* _Exercise objective_
Restate the listing below word for word. No picture belongs in the result.

* _Exercise data_
===
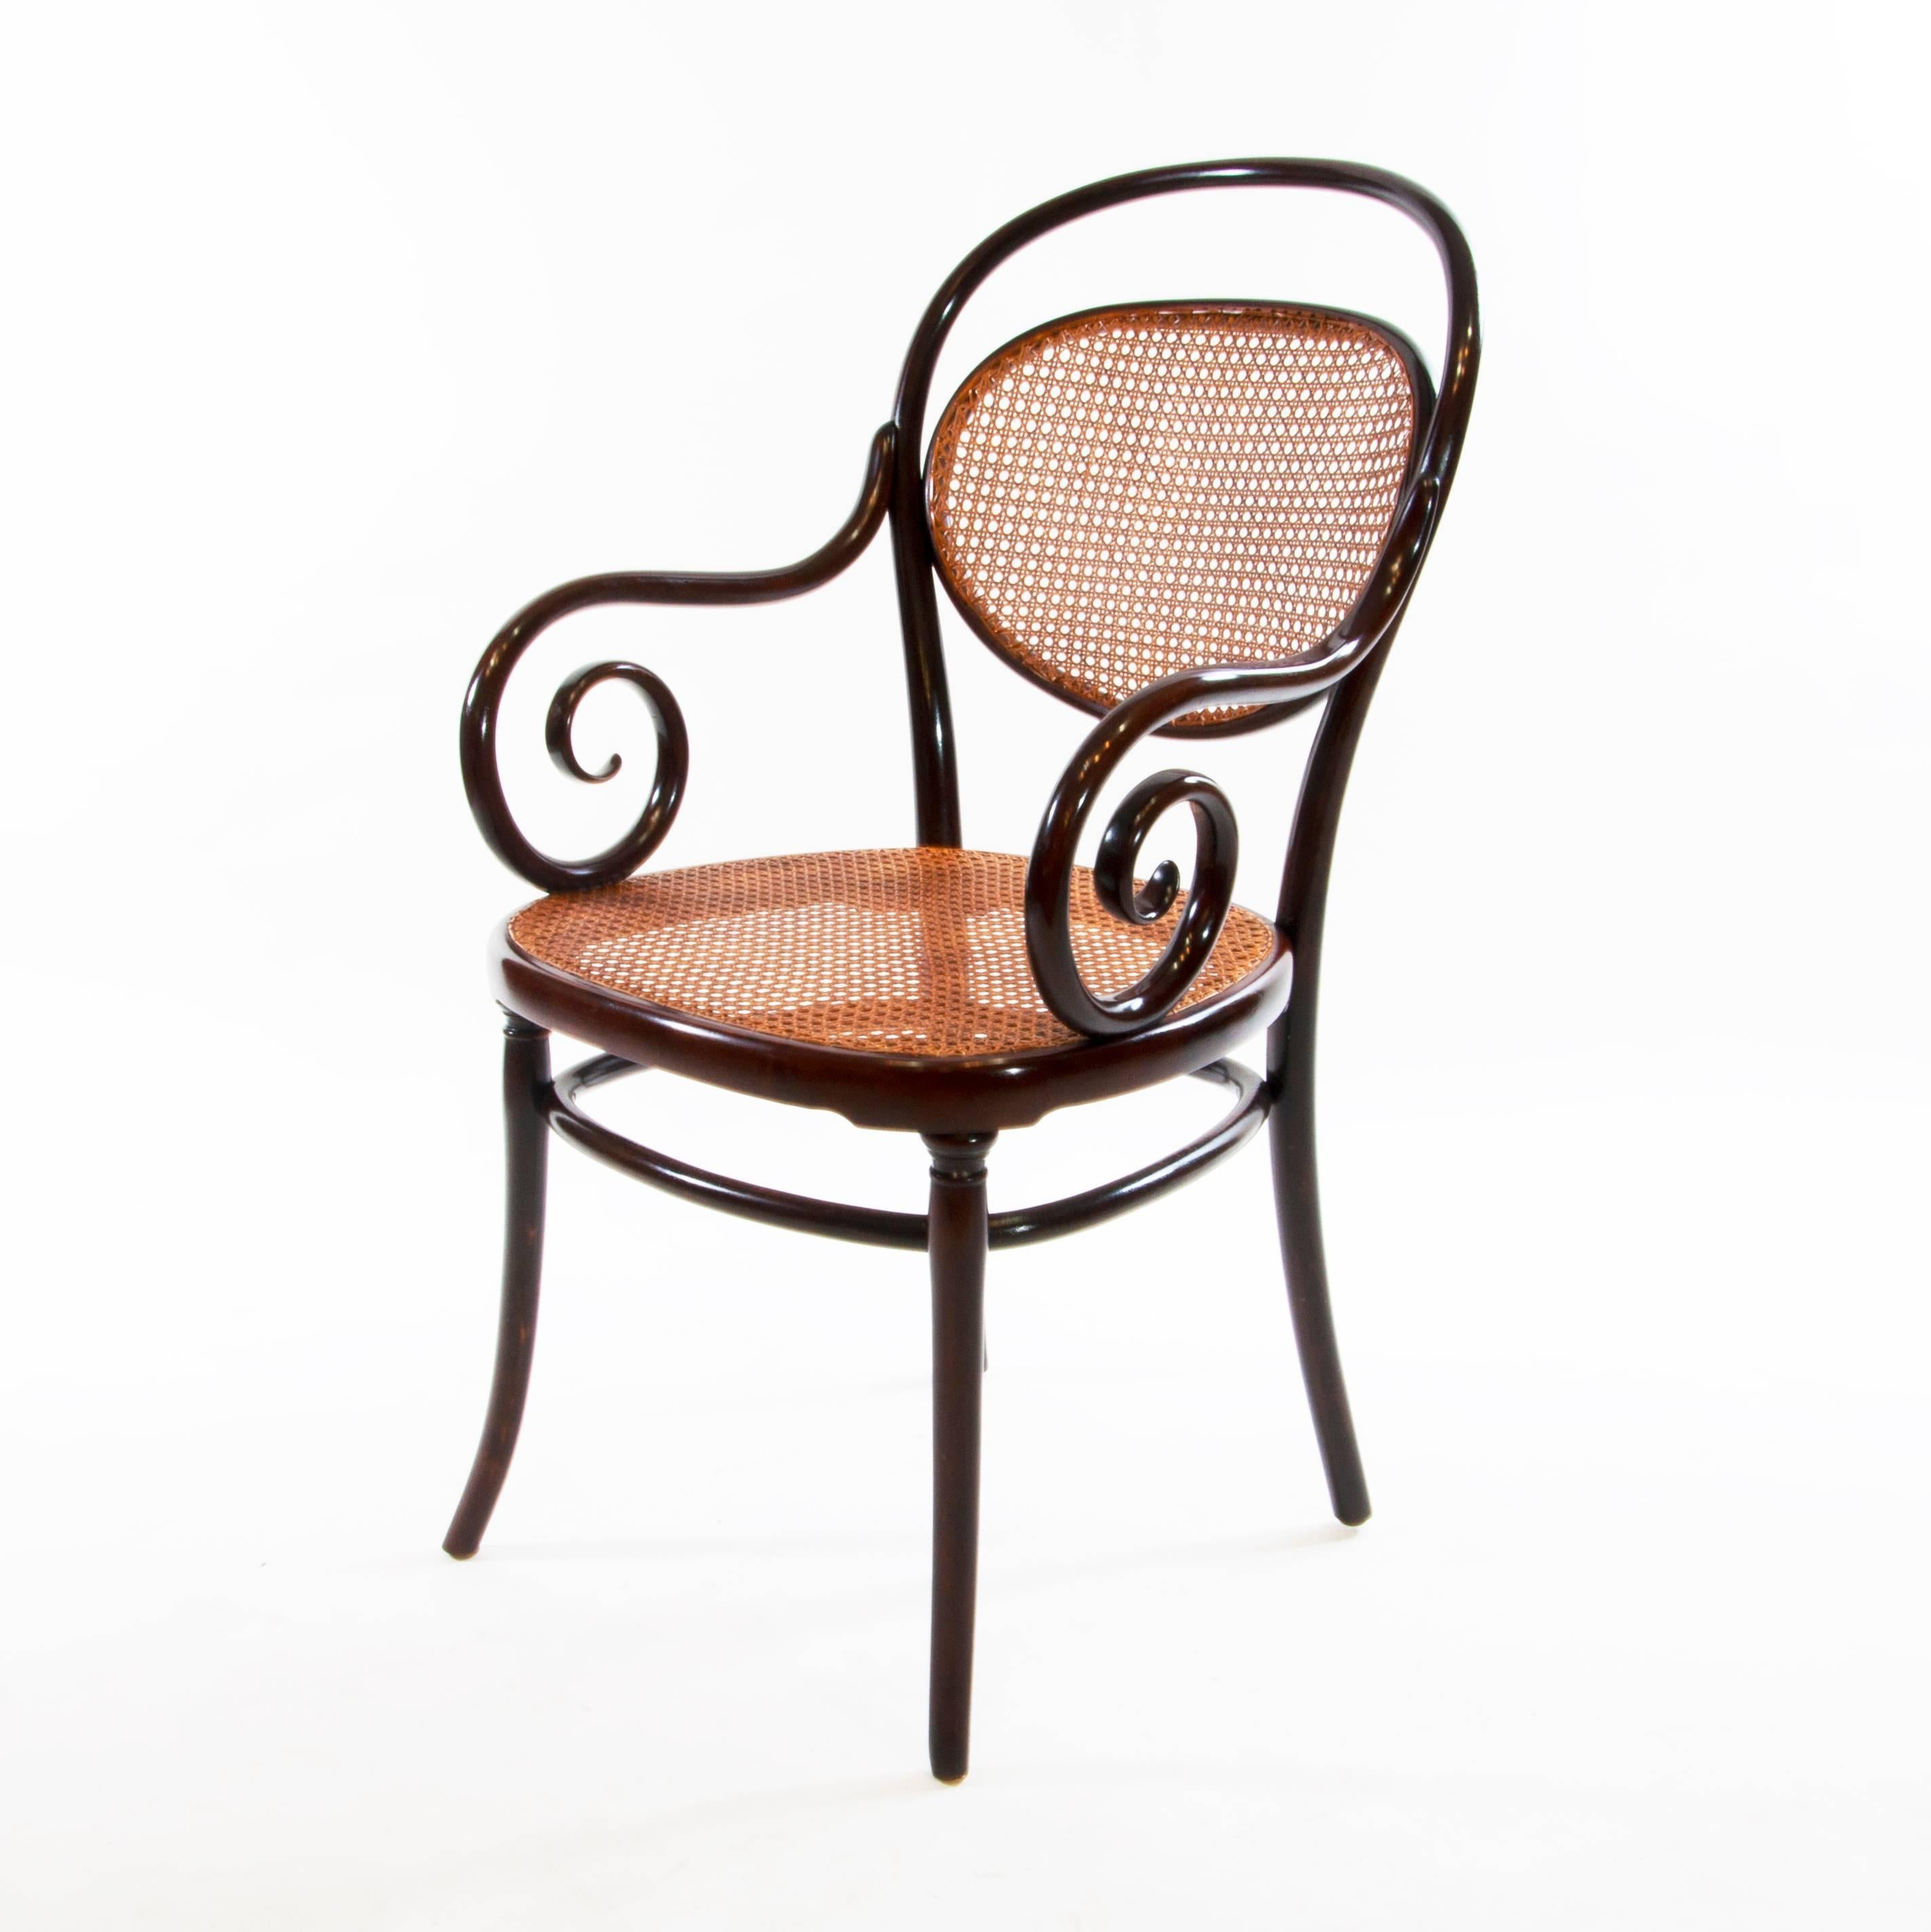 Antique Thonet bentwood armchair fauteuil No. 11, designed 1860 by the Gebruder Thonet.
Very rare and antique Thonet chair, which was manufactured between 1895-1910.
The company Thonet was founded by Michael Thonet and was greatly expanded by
===
* _Exercise result_
 Antique Thonet bentwood armchair fauteuil No. 11, designed 1860 by the Gebruder Thonet.
Very rare and antique Thonet chair, which was manufactured between 1895-1910.
The company Thonet was founded by Michael Thonet and was greatly expanded by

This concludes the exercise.